WORK INSTRUCTION:
Begin with the line that holds "Svart, kvadratisk schal" and retype through the last line of the listing below, exactly; pictures are not part of the copy.

DATA FOR THIS TASK:
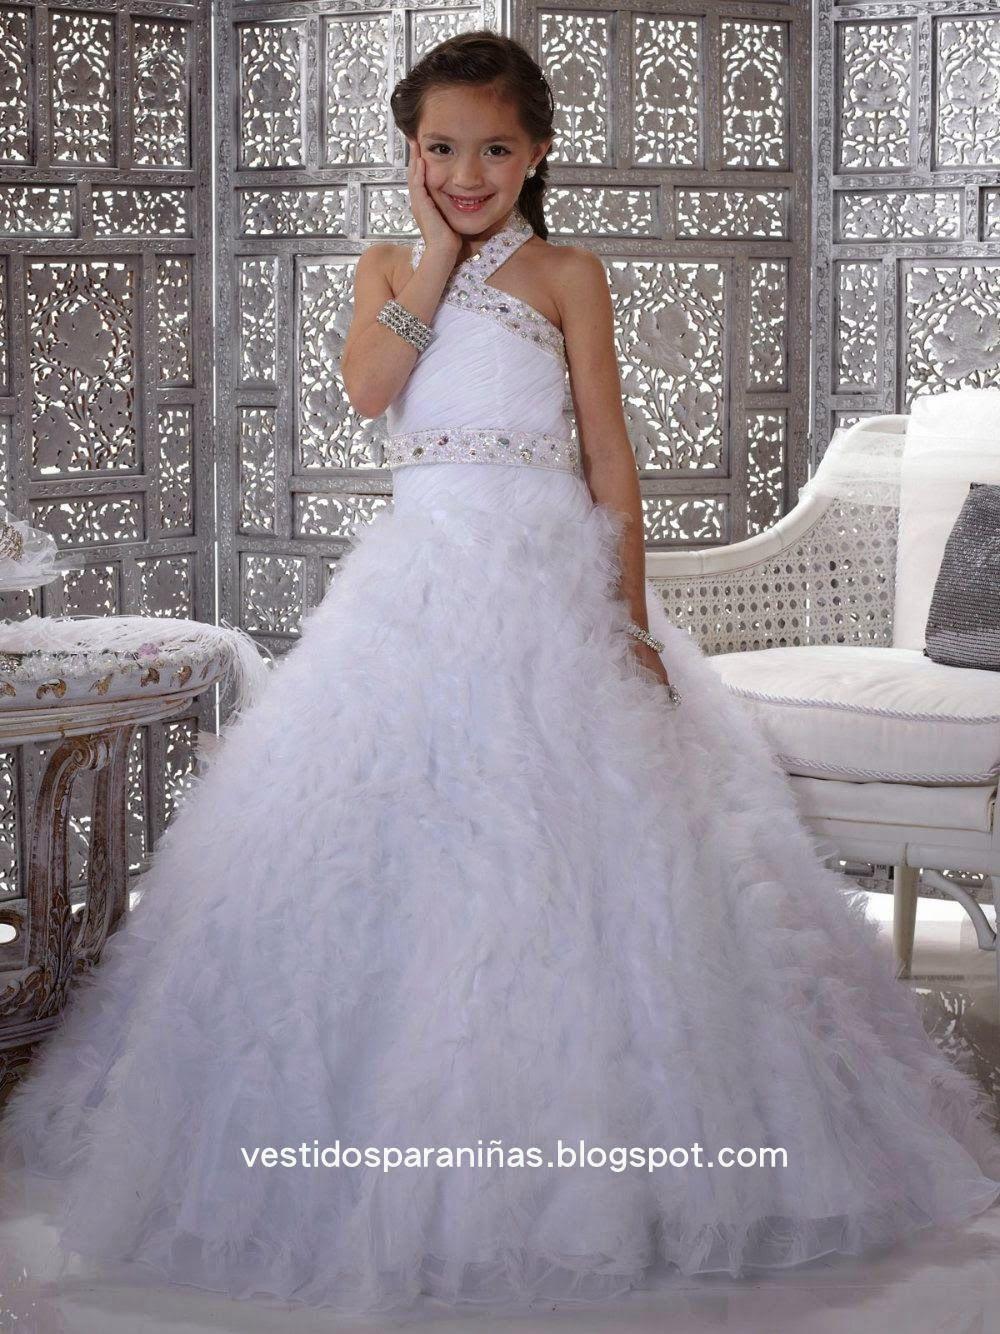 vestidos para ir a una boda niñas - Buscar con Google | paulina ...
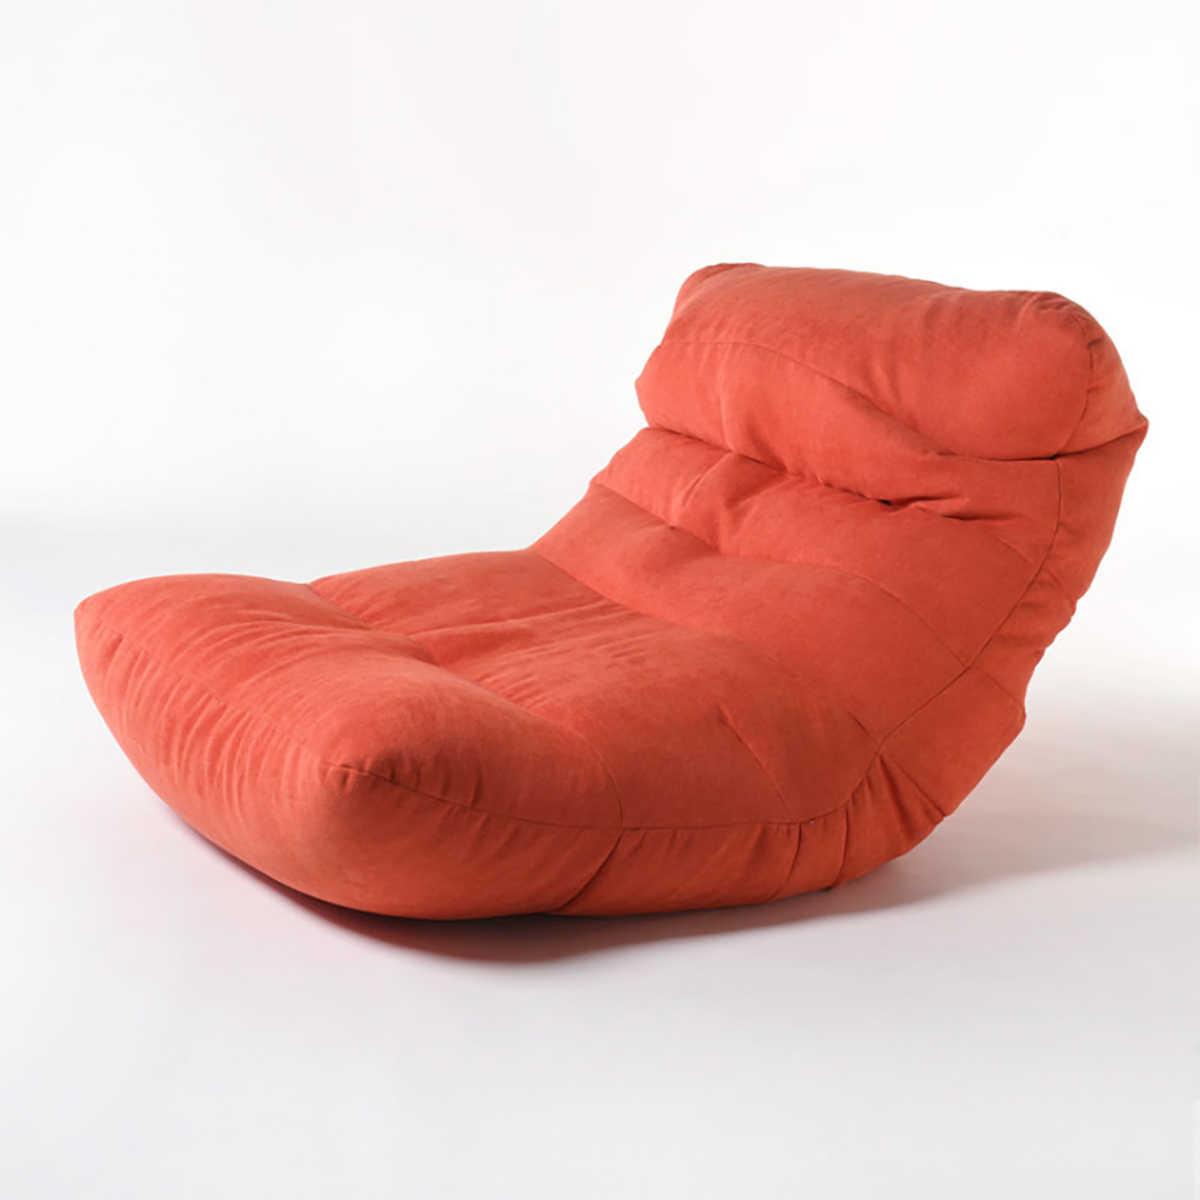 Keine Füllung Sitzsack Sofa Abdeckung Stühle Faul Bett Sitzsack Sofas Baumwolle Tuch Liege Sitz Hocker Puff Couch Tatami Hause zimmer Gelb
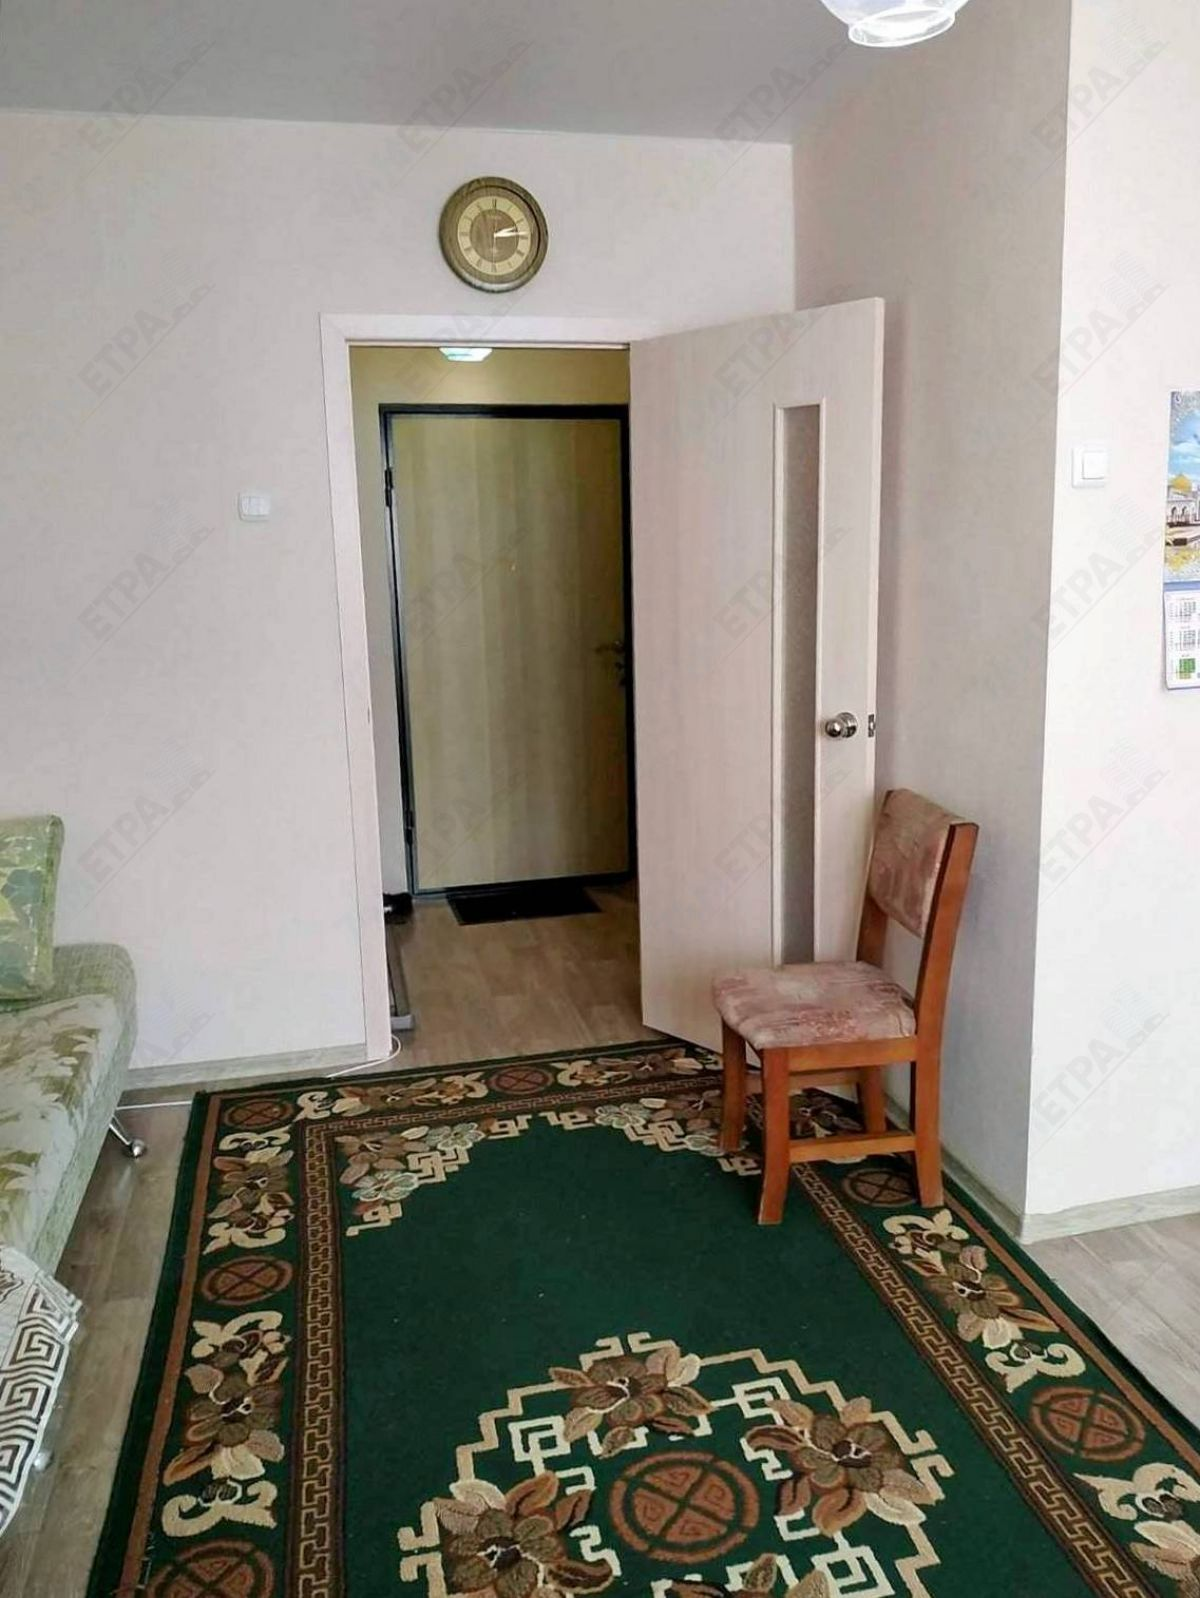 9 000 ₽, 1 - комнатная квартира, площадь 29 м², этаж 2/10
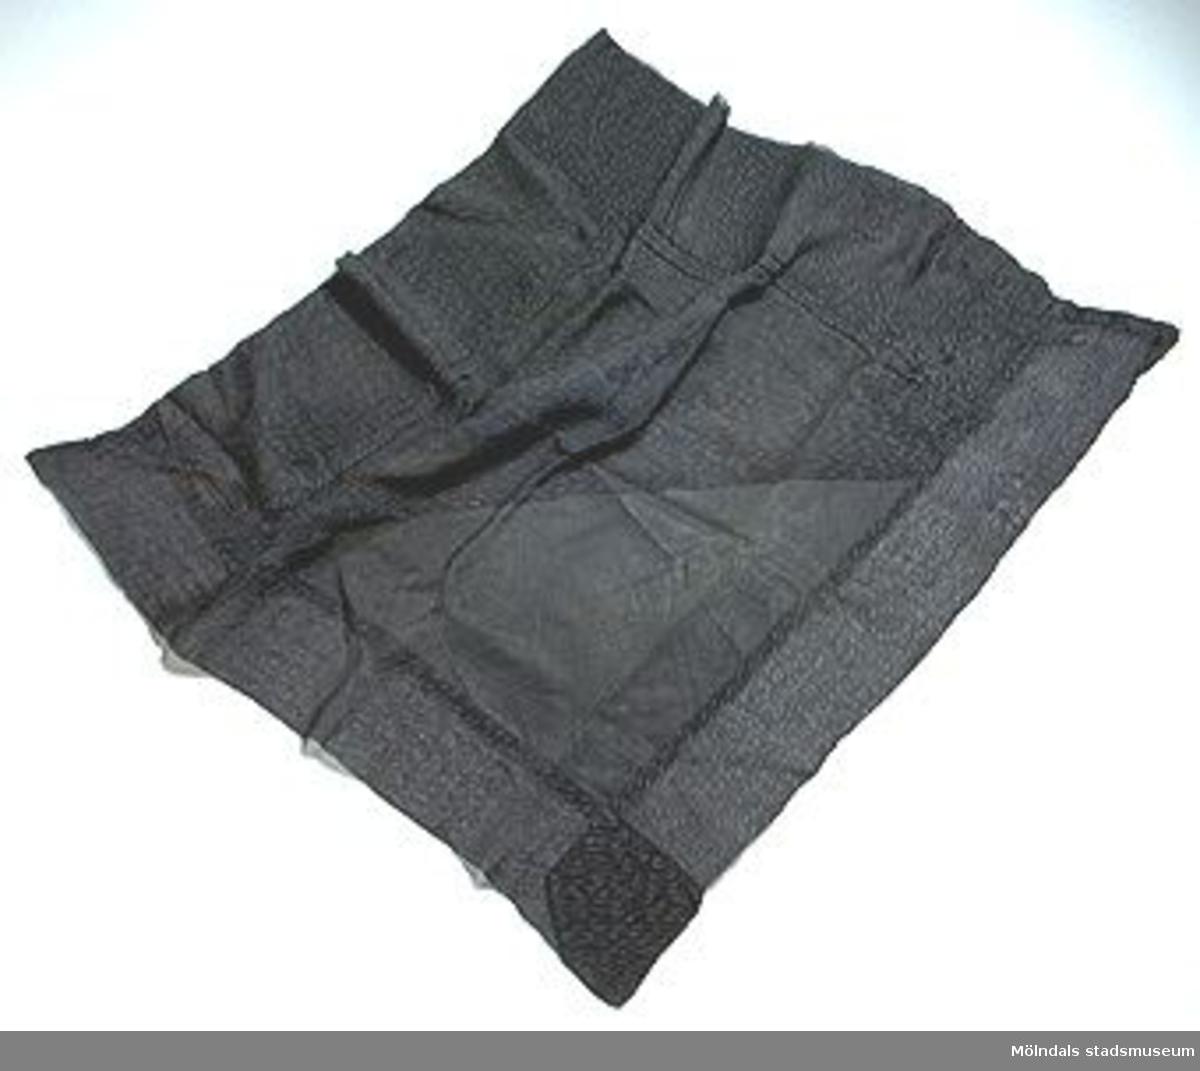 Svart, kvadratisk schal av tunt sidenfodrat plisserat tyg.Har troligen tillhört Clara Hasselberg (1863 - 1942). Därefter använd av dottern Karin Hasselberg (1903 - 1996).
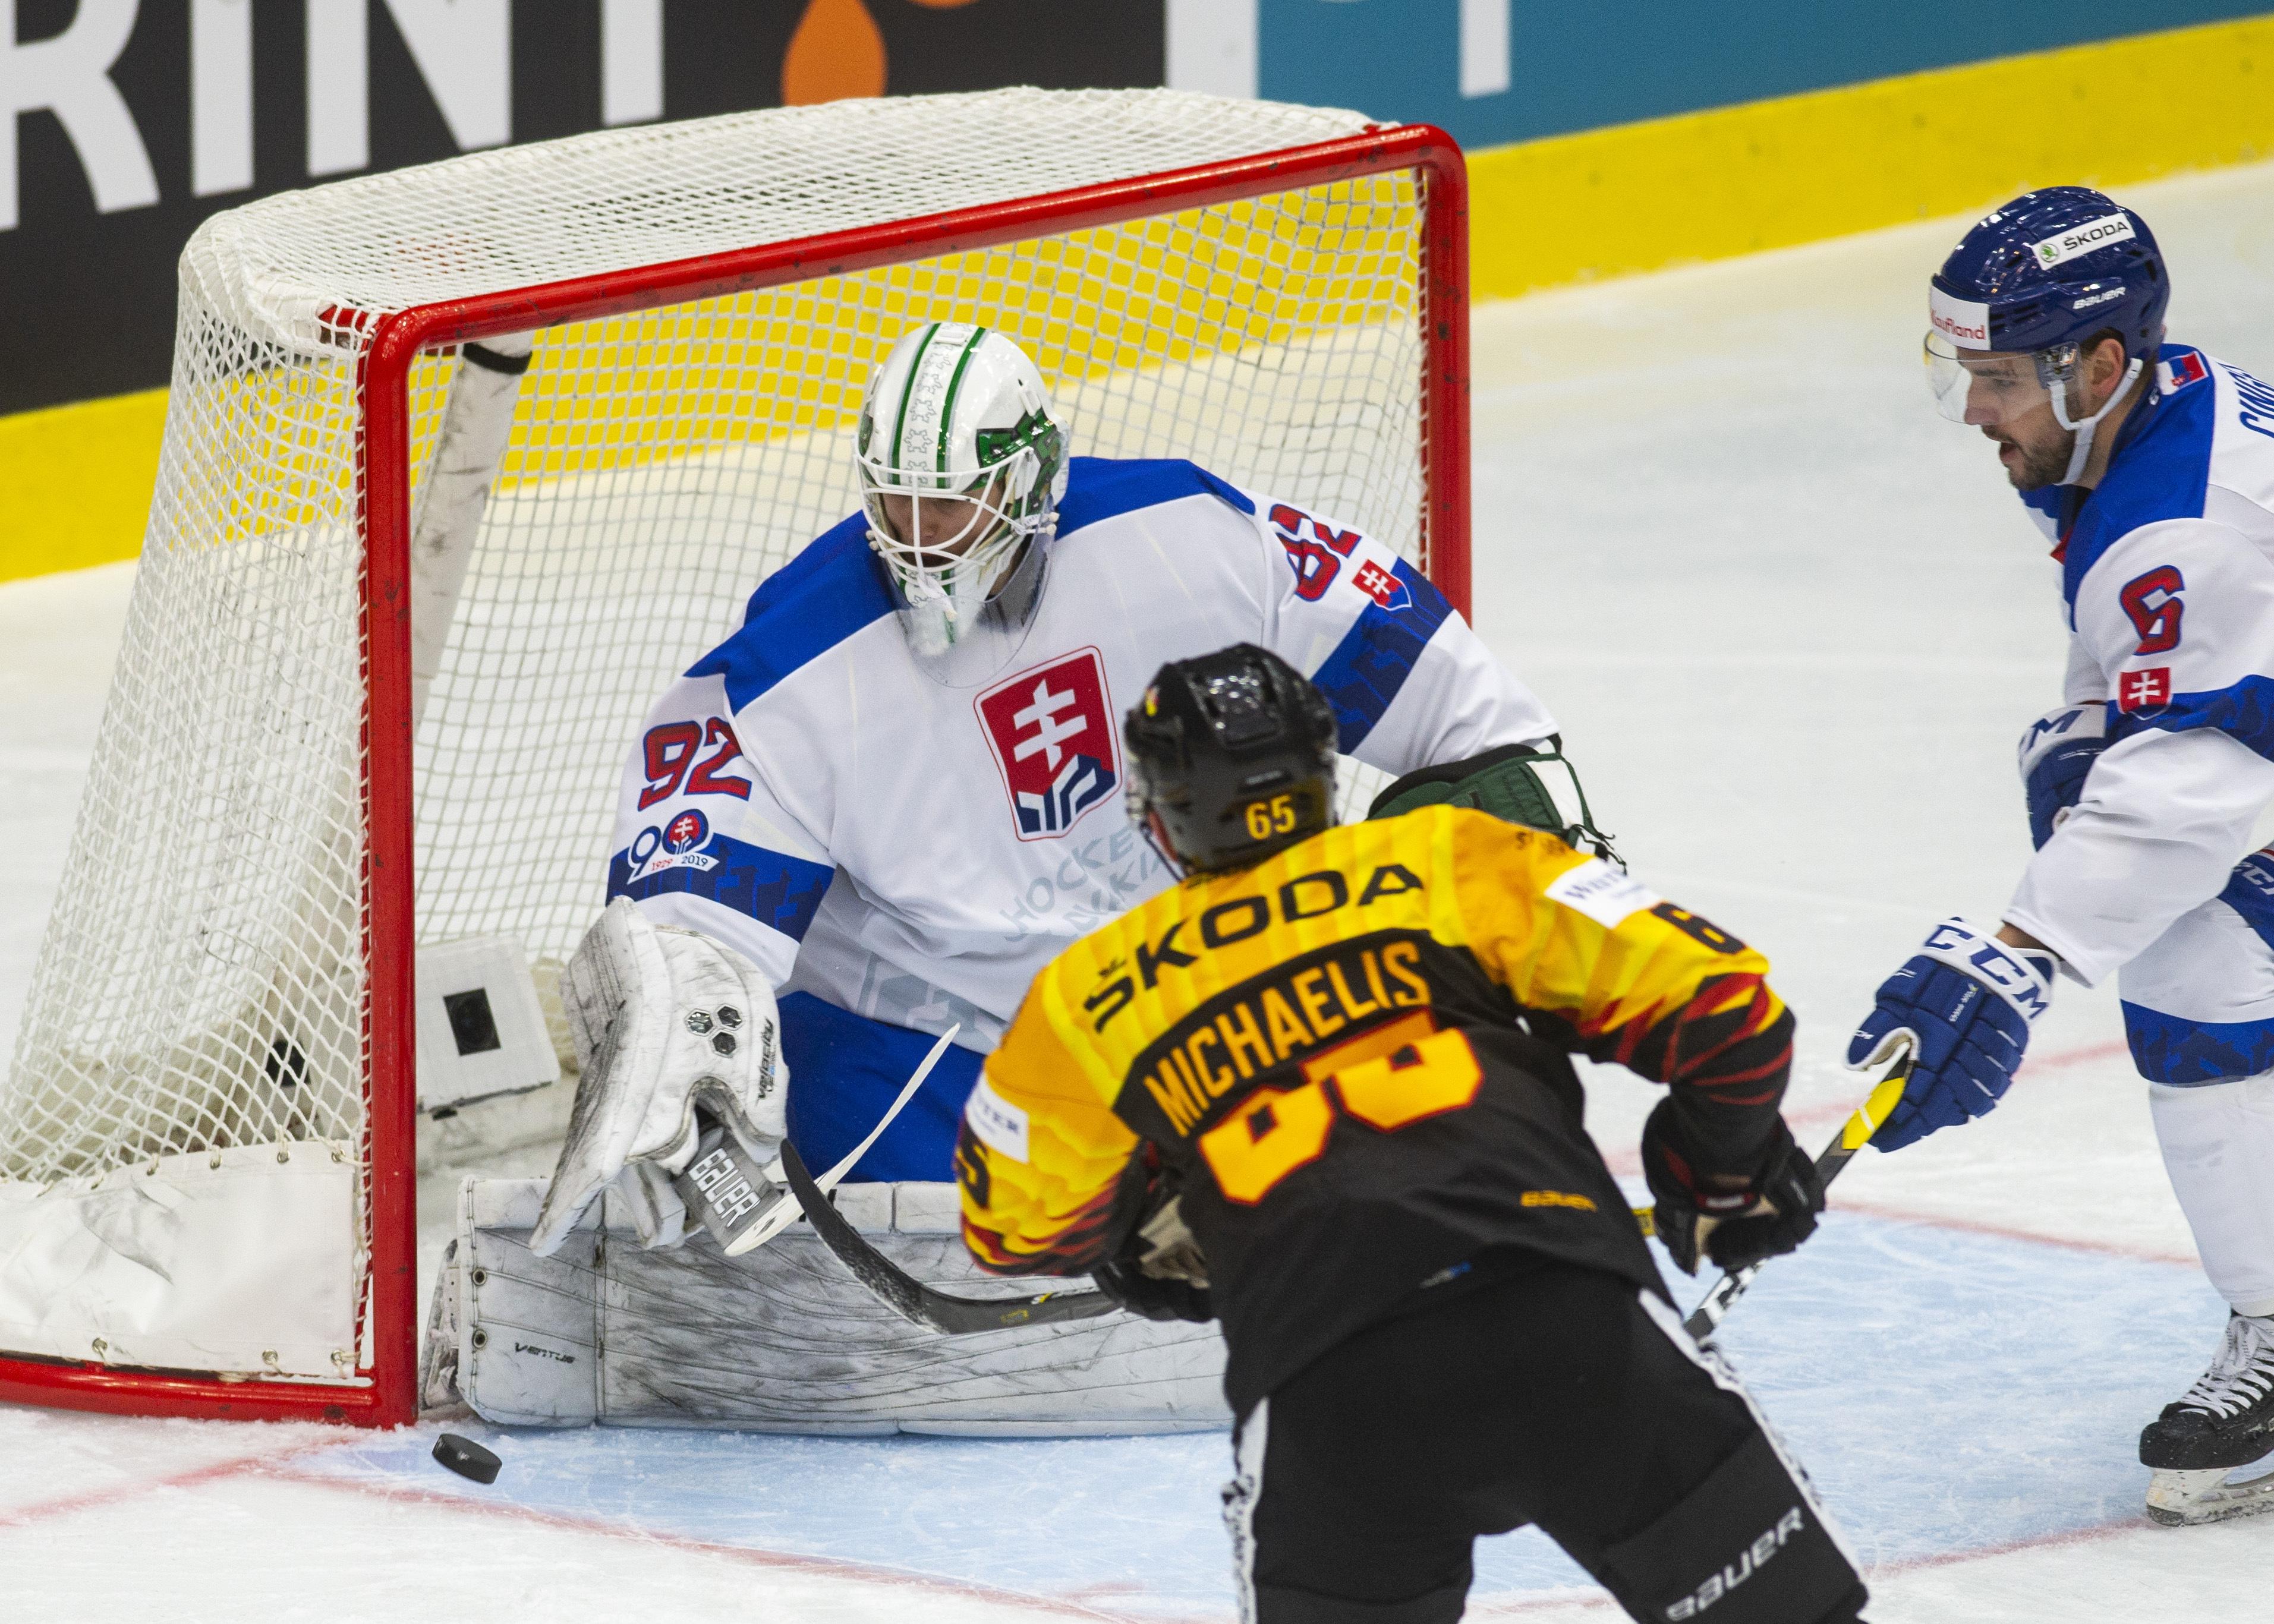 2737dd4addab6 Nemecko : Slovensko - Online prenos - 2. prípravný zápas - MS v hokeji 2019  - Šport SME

PROBLEM SOLUTION:
 Svart, kvadratisk schal av tunt sidenfodrat plisserat tyg.Har troligen tillhört Clara Hasselberg (1863 - 1942). Därefter använd av dottern Karin Hasselberg (1903 - 1996).
 2737dd4addab6 Nemecko : Slovensko - Online prenos - 2. prípravný zápas - MS v hokeji 2019  - Šport SME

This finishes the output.